简体繁体 English

将数据库数据拆分为多个表而不是将所有内容存储在 PostgreSQL 的一个表中是否是个好主意？

[英]Will it be a good idea to split database data into multiple tables instead of storing everything in one table for PostgreSQL?

原文 2020-12-01 06:54:05 7 1 database/ postgresql

I have a use-case when every data row should be accessed by time and some key and number of keys may vary between 1000 - 10000. I have two options: store everything in one table and index by key and timestamp or store data for each key in a separate table, so I will end-up with thousands tables.我有一个用例，每个数据行都应该按时间访问，并且某些键和键的数量可能在 1000 到 10000 之间变化。我有两个选择：将所有内容存储在一个表中并按键和时间戳进行索引，或者为每个存储数据键入一个单独的表，所以我最终会得到数千个表。 What will be the best approach from storage and access speed perspective?从存储和访问速度的角度来看，最好的方法是什么？ There will be no need to JOIN between keys, maybe very rarely.没有必要在键之间加入，也许很少。 I'm planning to use PostgreSQL.我打算使用 PostgreSQL。

1 个解决方案

As mentioned in the comment, that would be home-spun partitioning, so you might consider declarative list partitioning.如评论中所述，这将是自旋分区，因此您可以考虑声明性列表分区。 Since 10000 partitions are already quite a lot, you could combine several keys into one partition.由于 10000 个分区已经很多了，您可以将多个键合并到一个分区中。

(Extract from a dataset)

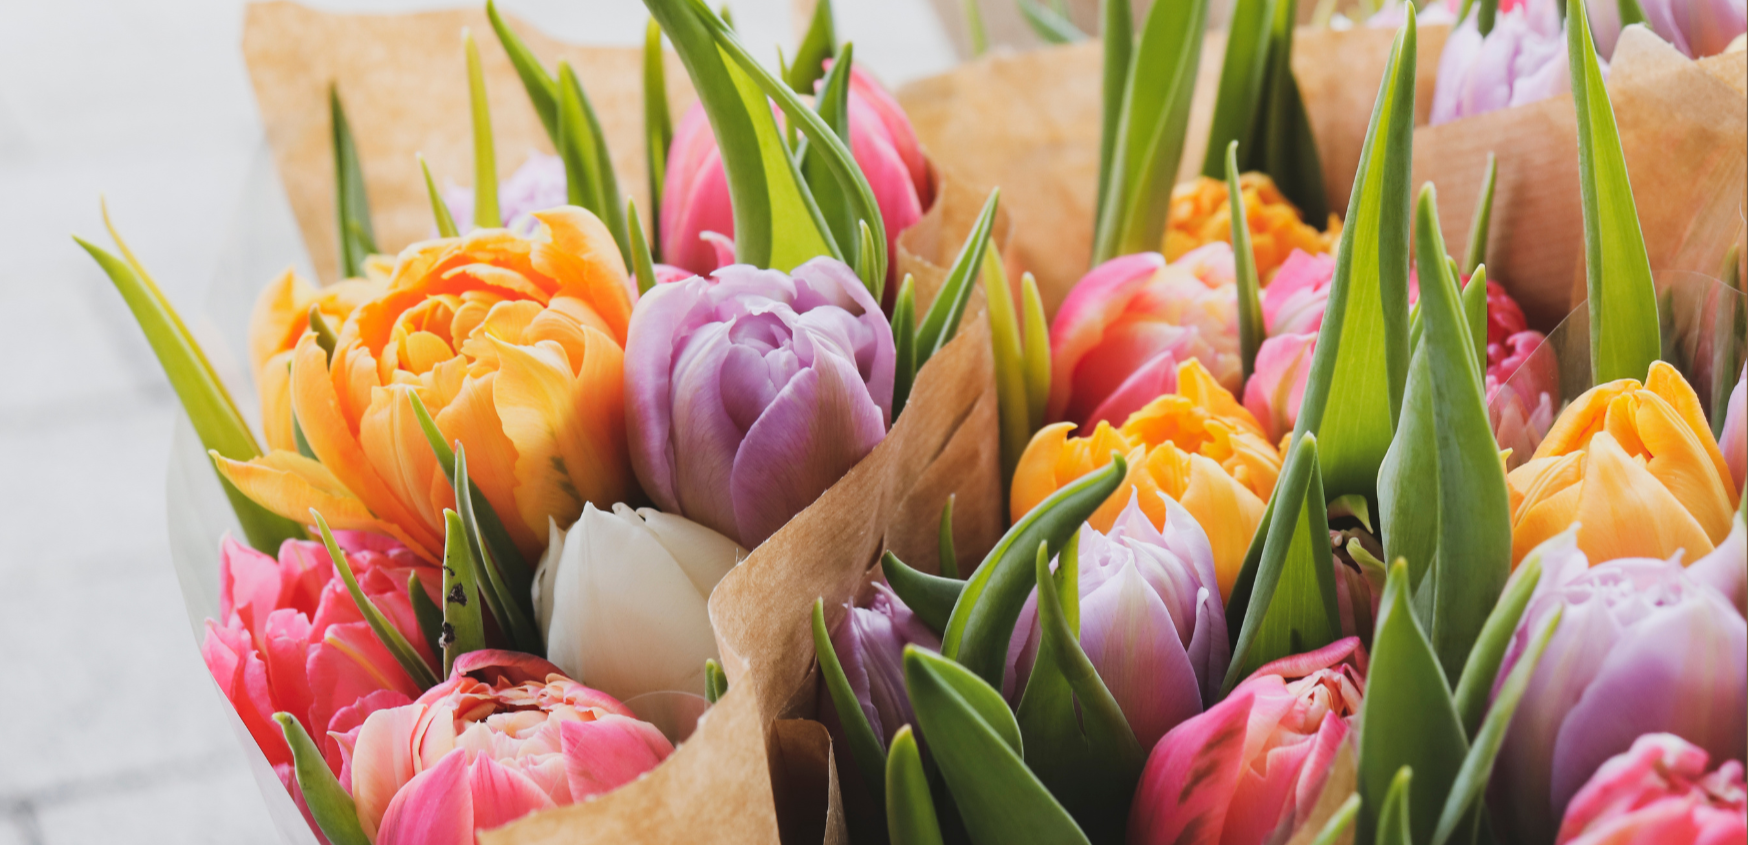 Smukke bundter af farverige tulipaner i lilla, orange og lyserød. 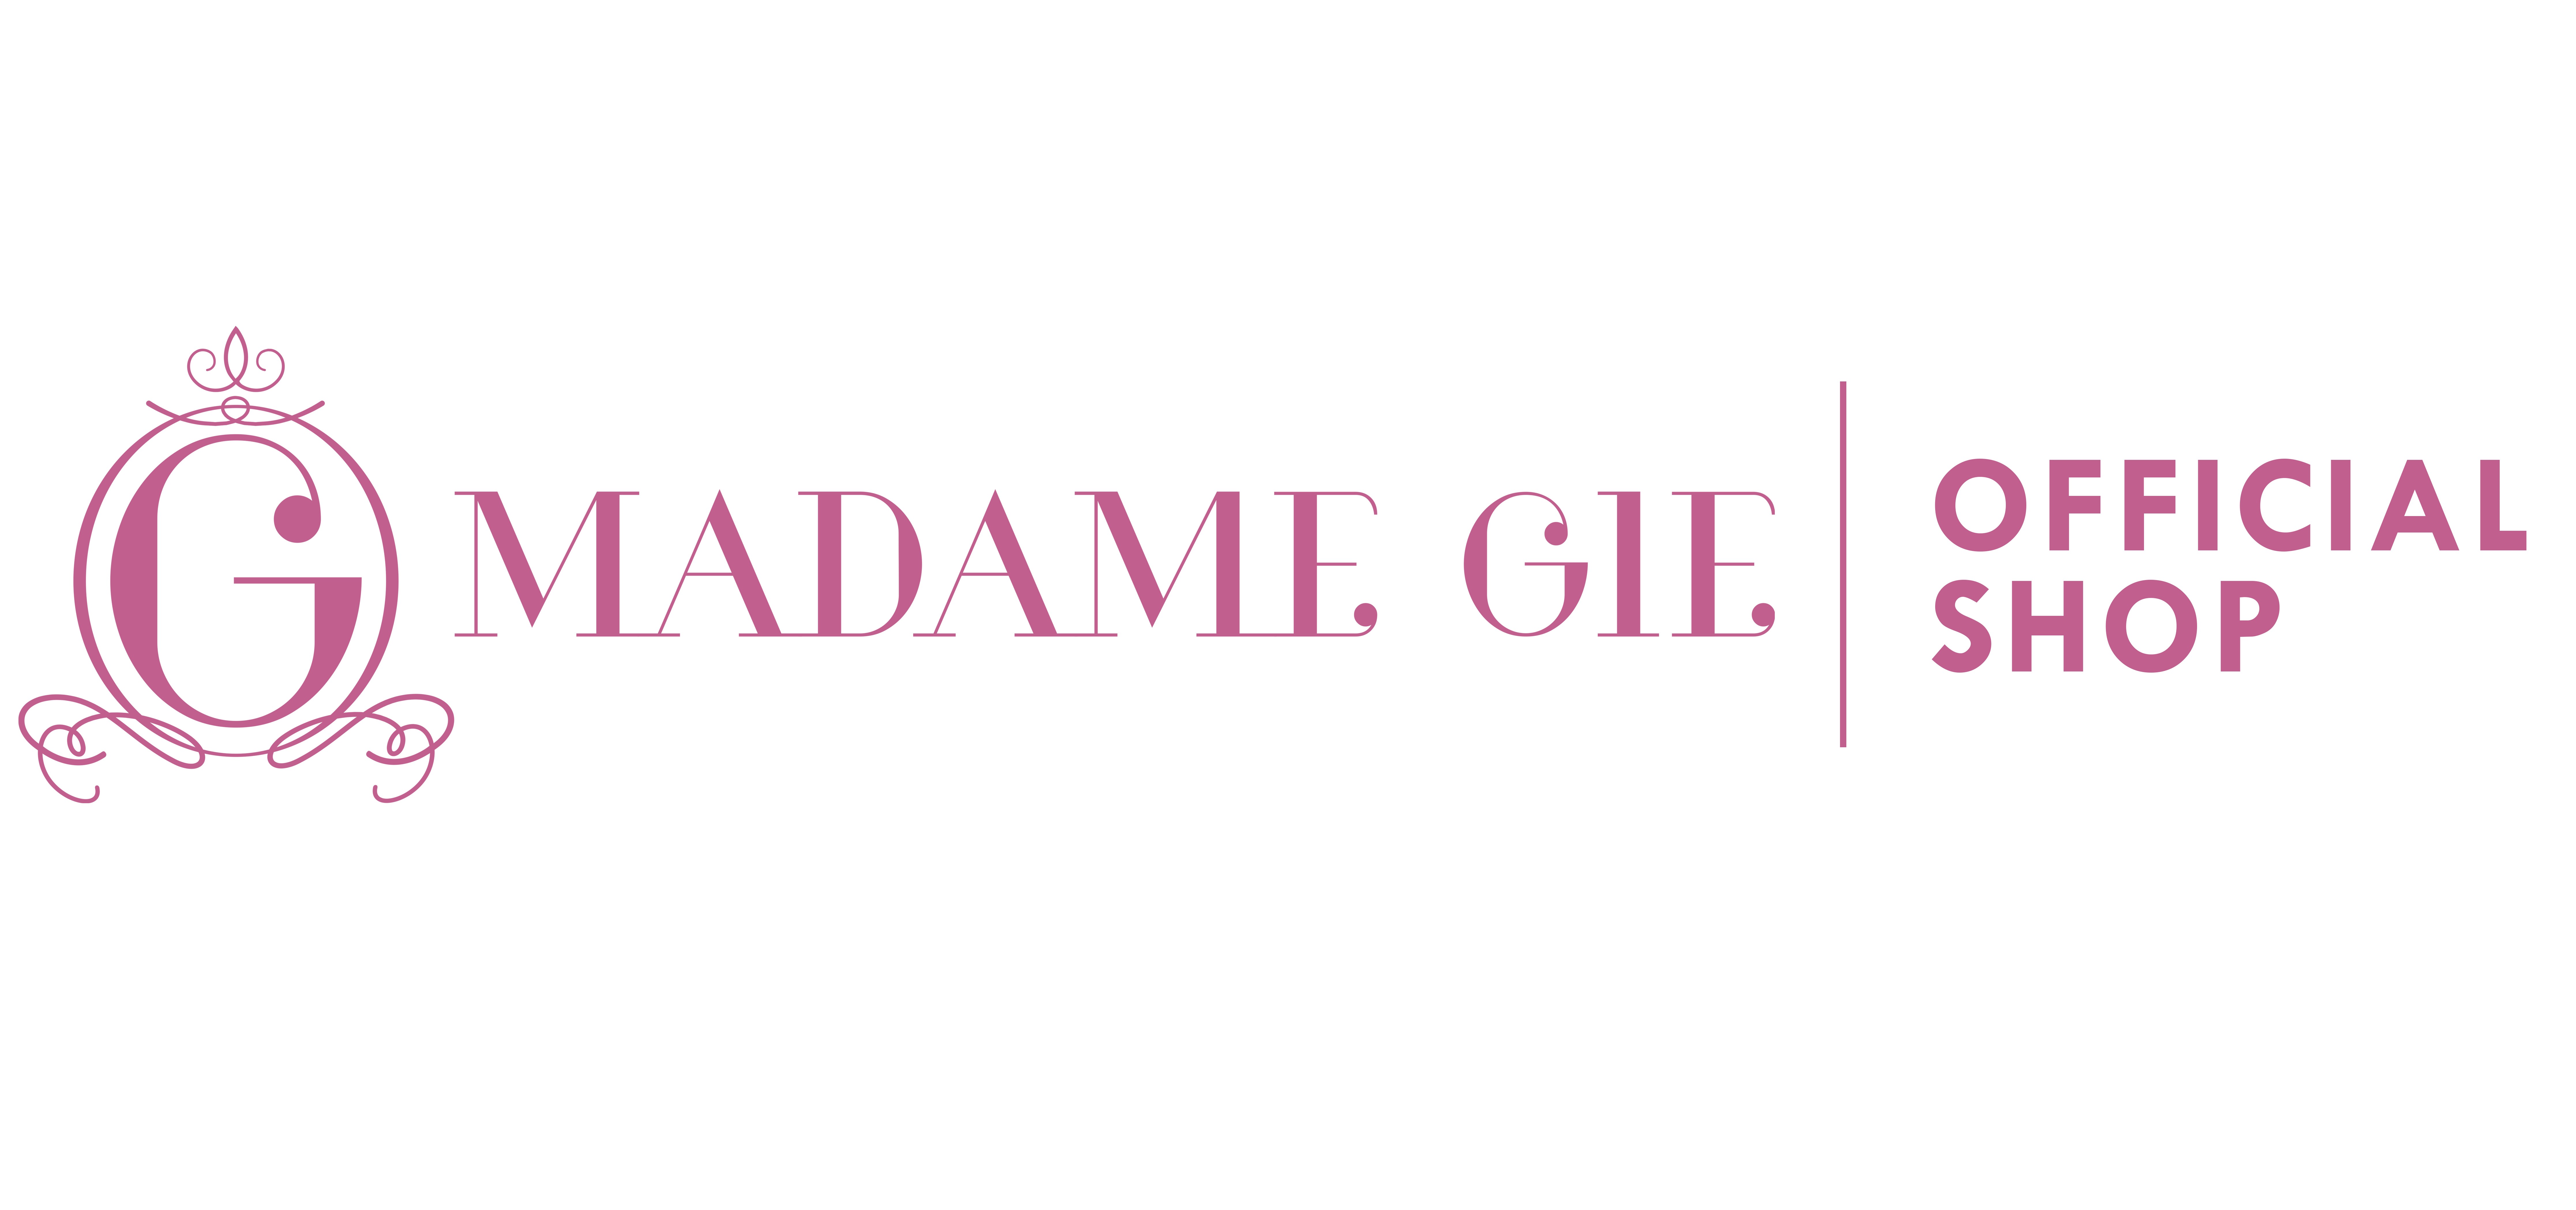 Madame Gie Safety Face Shield Black - Kacamata Pelindung

The main advantages of that are:其主要优点是：

it is easy to delete all data in a single partition ( DROP TABLE )删除单个分区中的所有数据很容易（ DROP TABLE ）
if the table is truly big, autovacuum will be much less painful如果桌子真的很大，autovacuum 会不会那么痛苦

However, you shouldn't expect the typical query to become faster.但是，您不应该期望典型的查询会变得更快。 Queries can become faster if查询可以变得更快，如果

they have the partitioning key in the WHERE condition and require a sequential scan (the speed of index scans is pretty much independent of the table size, except perhaps that better data locality gives you a small gain)它们在WHERE条件下具有分区键，并且需要顺序扫描（索引扫描的速度几乎与表大小无关，但更好的数据局部性可能会给您带来一点好处）
they calculate aggregates or joins along partition boundaries他们沿着分区边界计算聚合或连接

It is also a small gain if you can omit an index or an index column because of partitioning.如果您可以因为分区而省略索引或索引列，这也是一个小收获。

At any rate, I would only consider partitioning if you expect to have at least hundreds of millions of rows.无论如何，如果您希望至少有数亿行，我只会考虑分区。